* [About this exercise] Given the records below, the lines starting at the line with "The court workshop" and ending at the line with "Throughout the 20th century their" should be output exactly, both end lines kept and pictures left out.

* [Data listing]
★ ★ ★ ★ ★
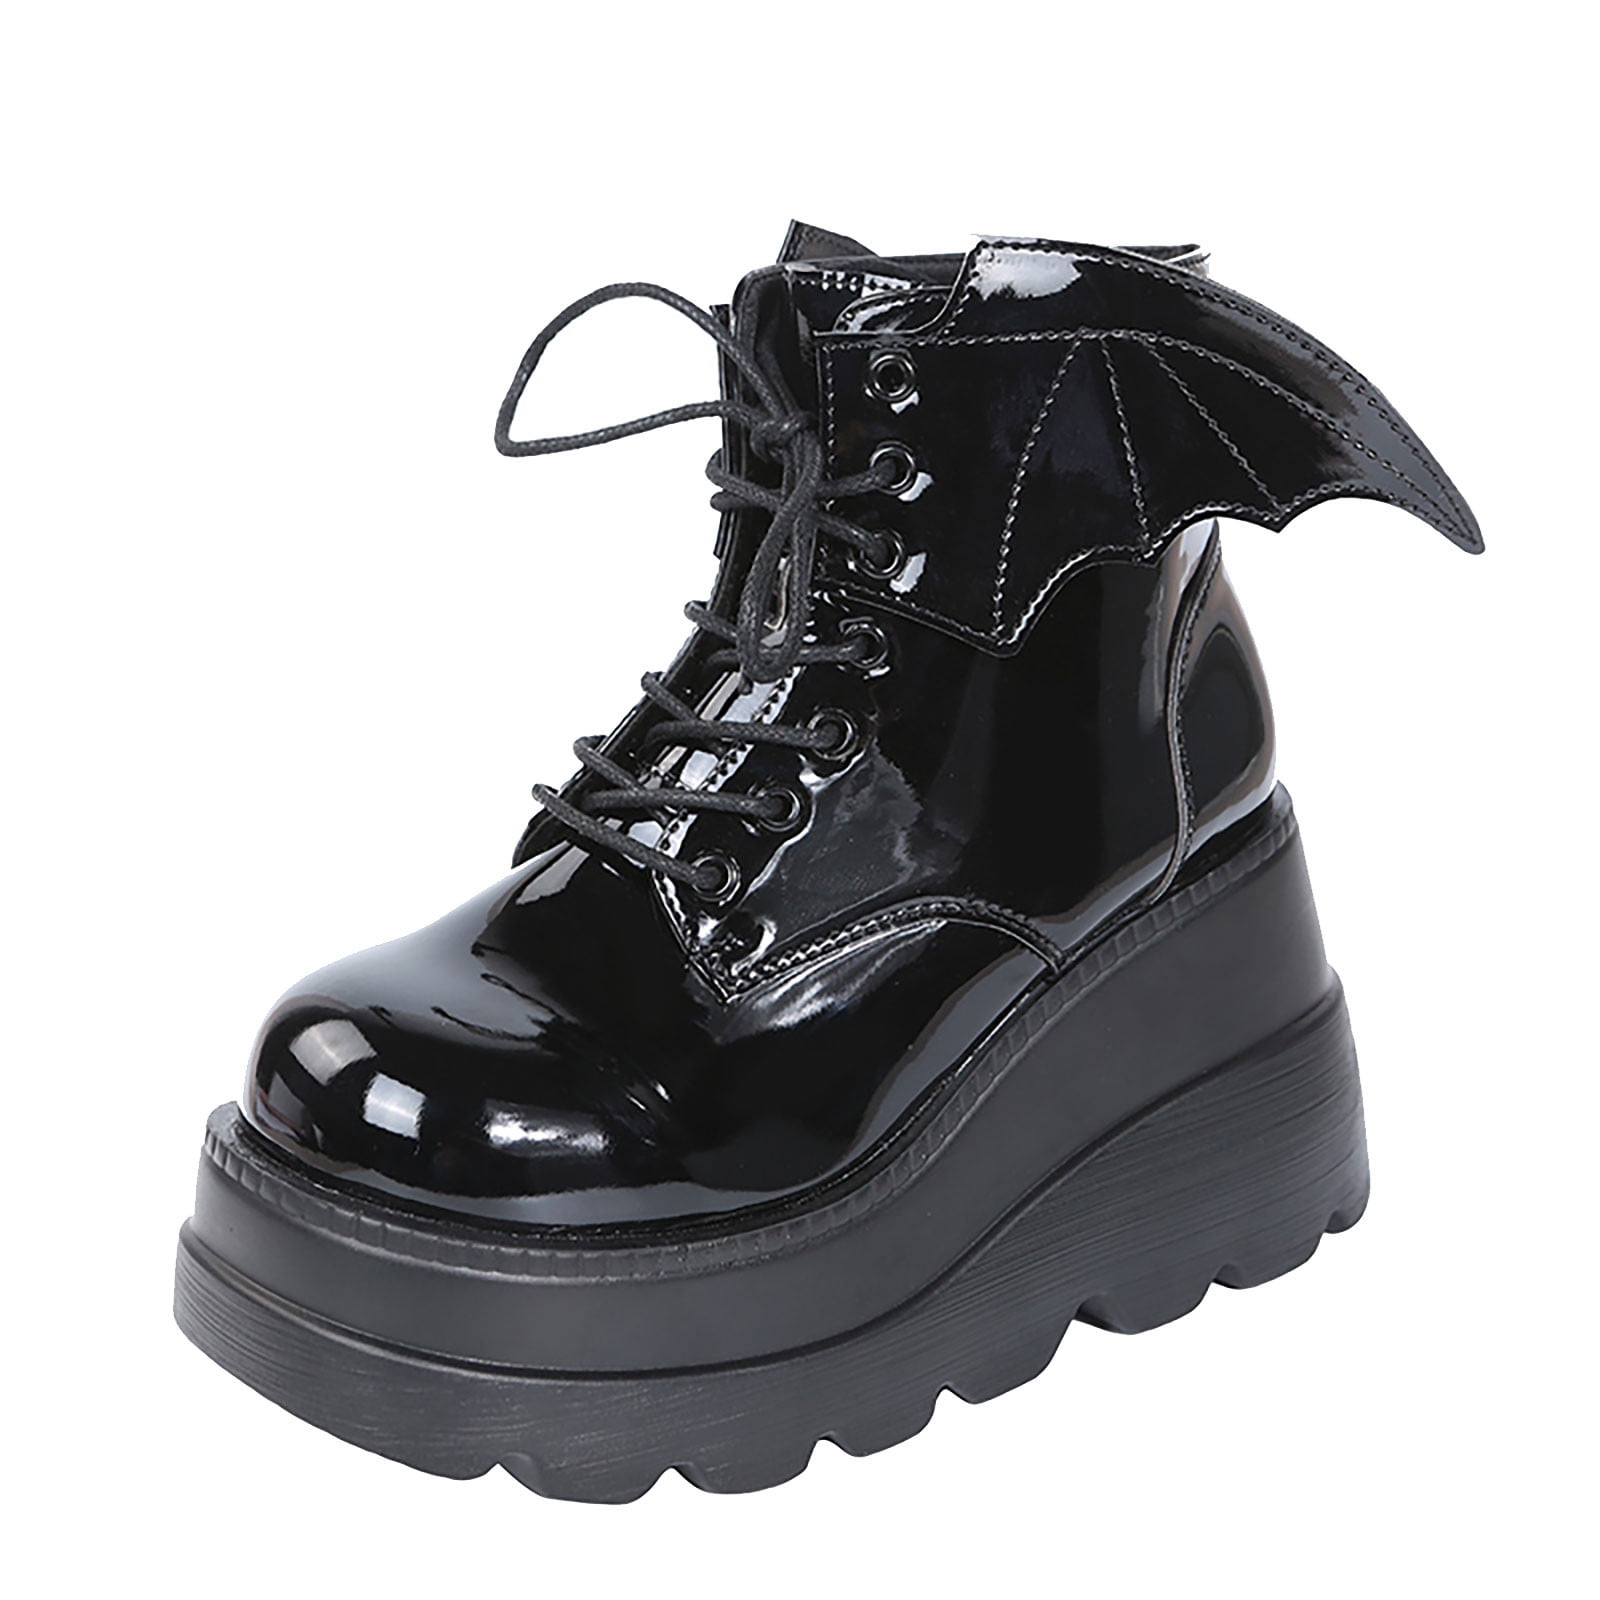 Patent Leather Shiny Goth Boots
★ ★ ★ ★ ★
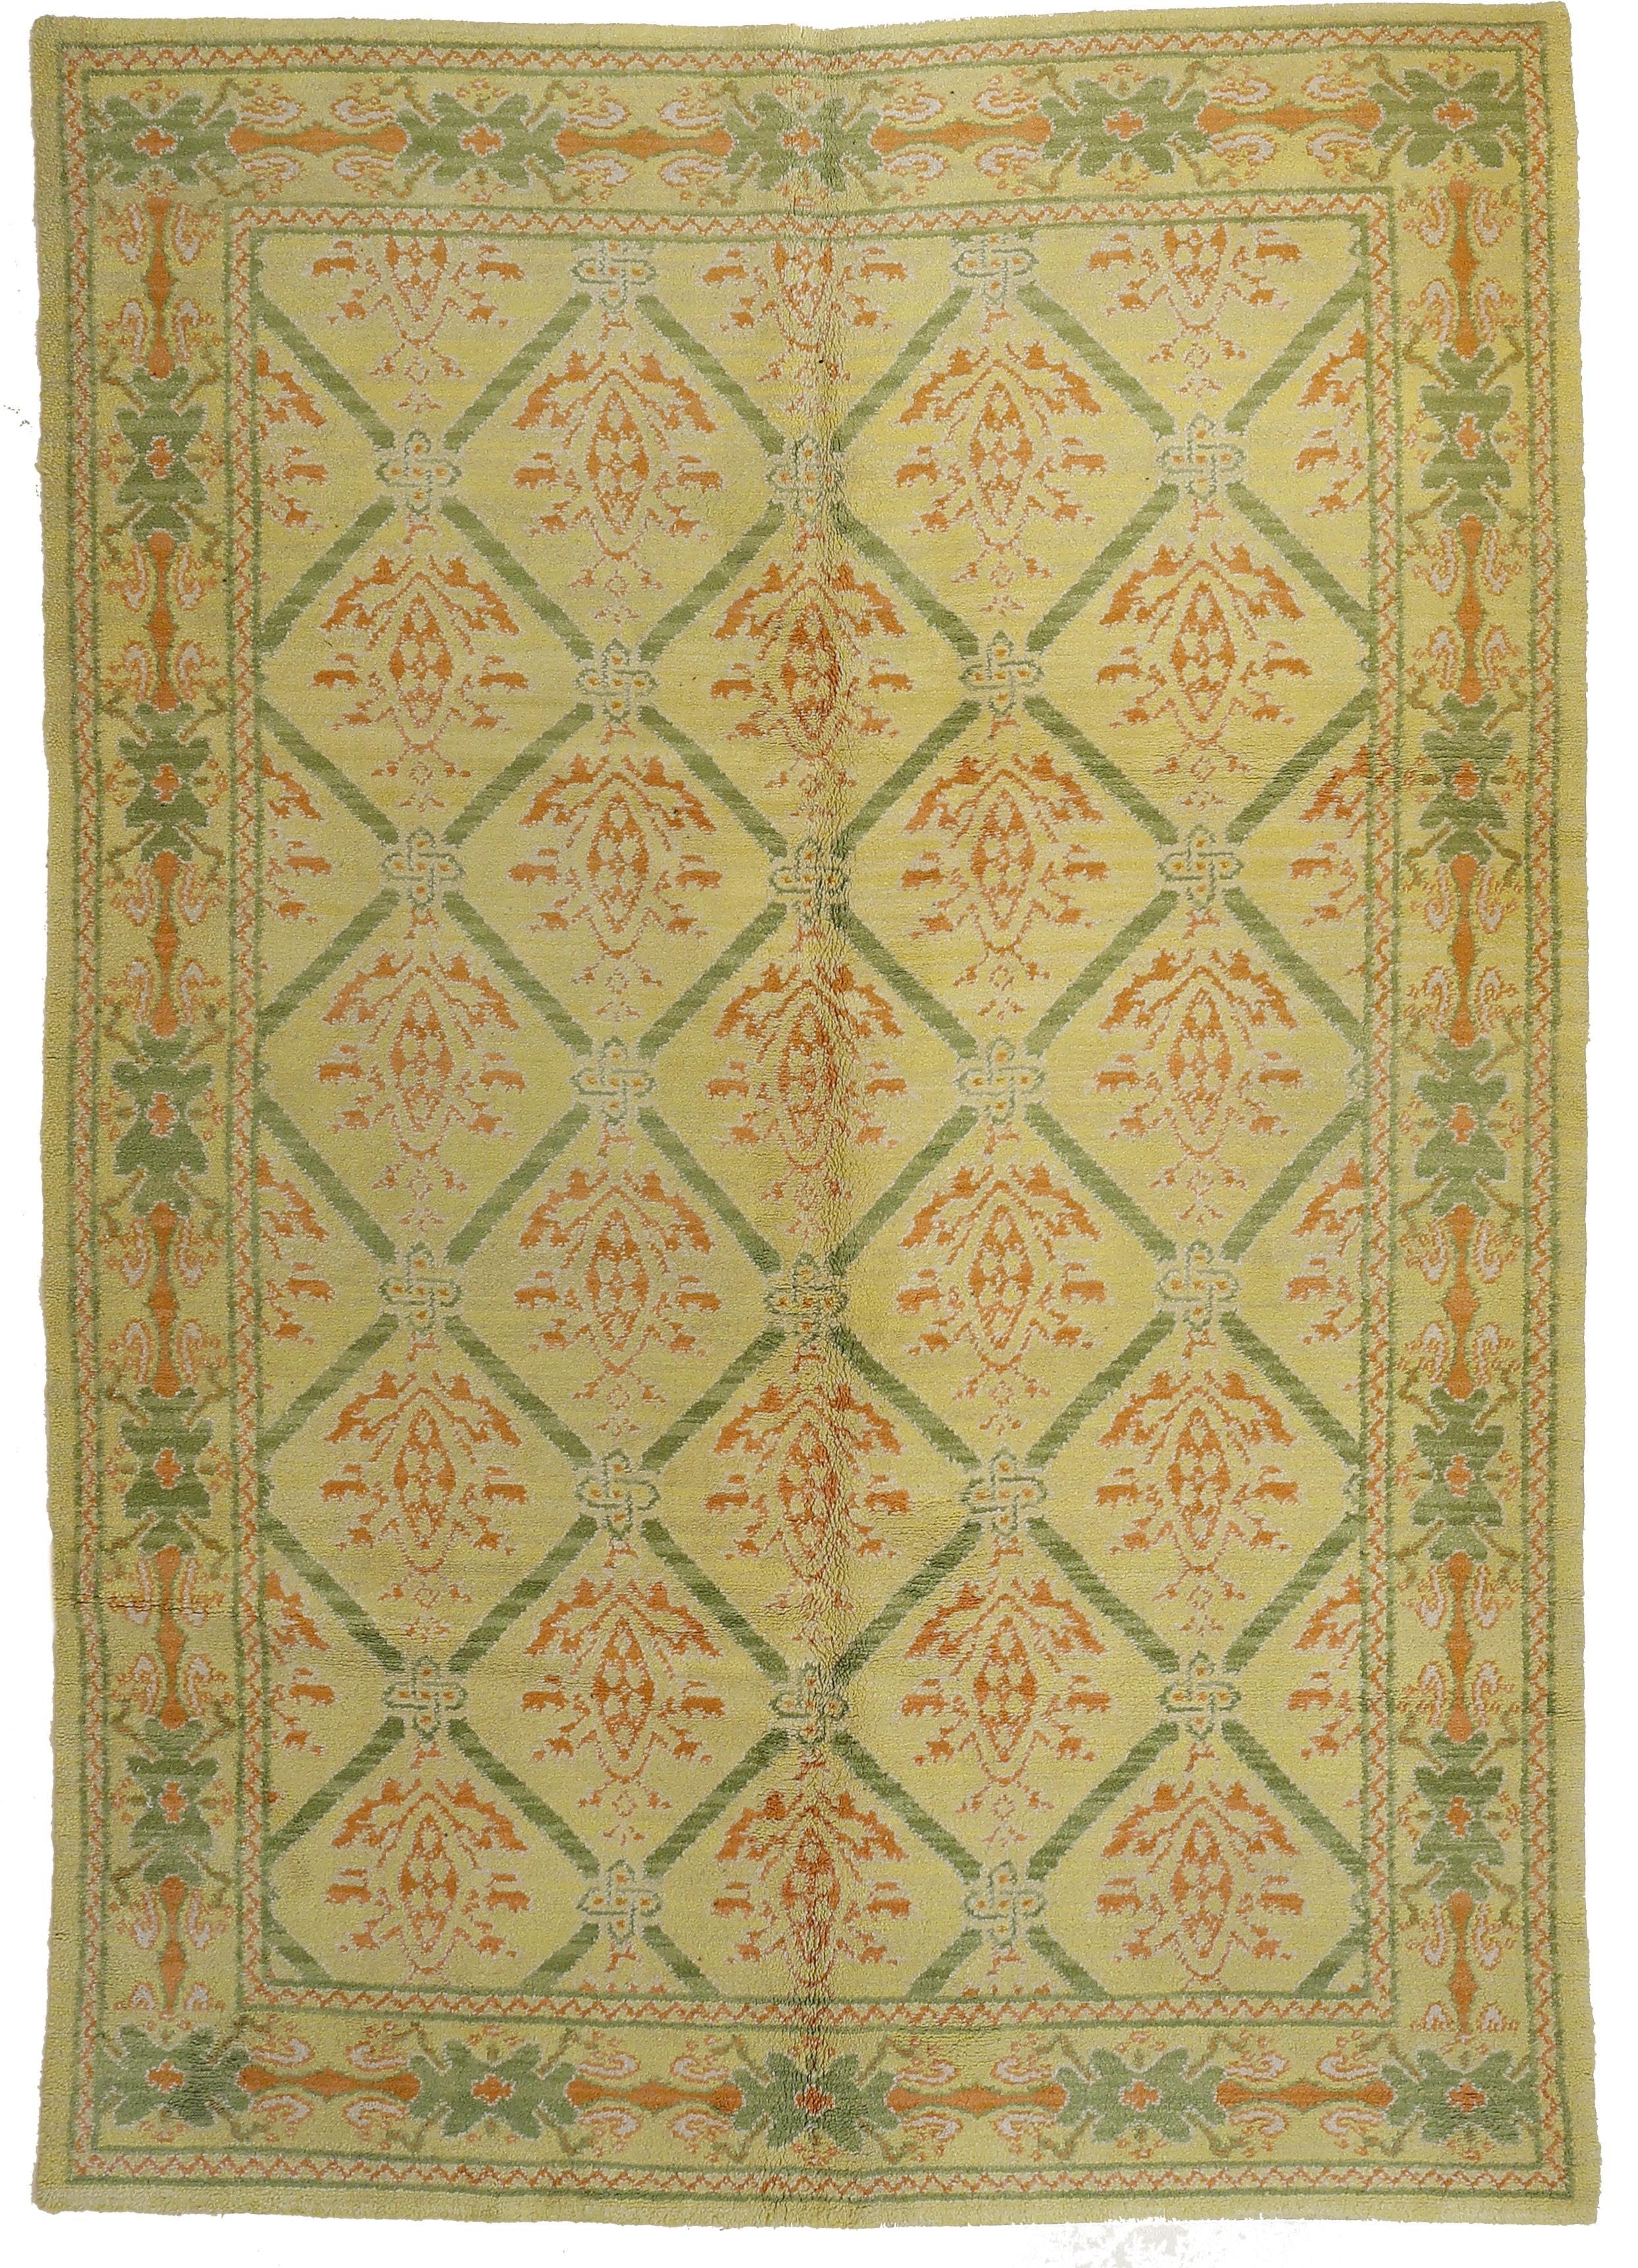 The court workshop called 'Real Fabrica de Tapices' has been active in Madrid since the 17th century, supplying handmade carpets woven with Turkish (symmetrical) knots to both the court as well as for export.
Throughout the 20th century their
★ ★ ★ ★ ★
* [Output for this exercise]
 The court workshop called 'Real Fabrica de Tapices' has been active in Madrid since the 17th century, supplying handmade carpets woven with Turkish (symmetrical) knots to both the court as well as for export.
Throughout the 20th century their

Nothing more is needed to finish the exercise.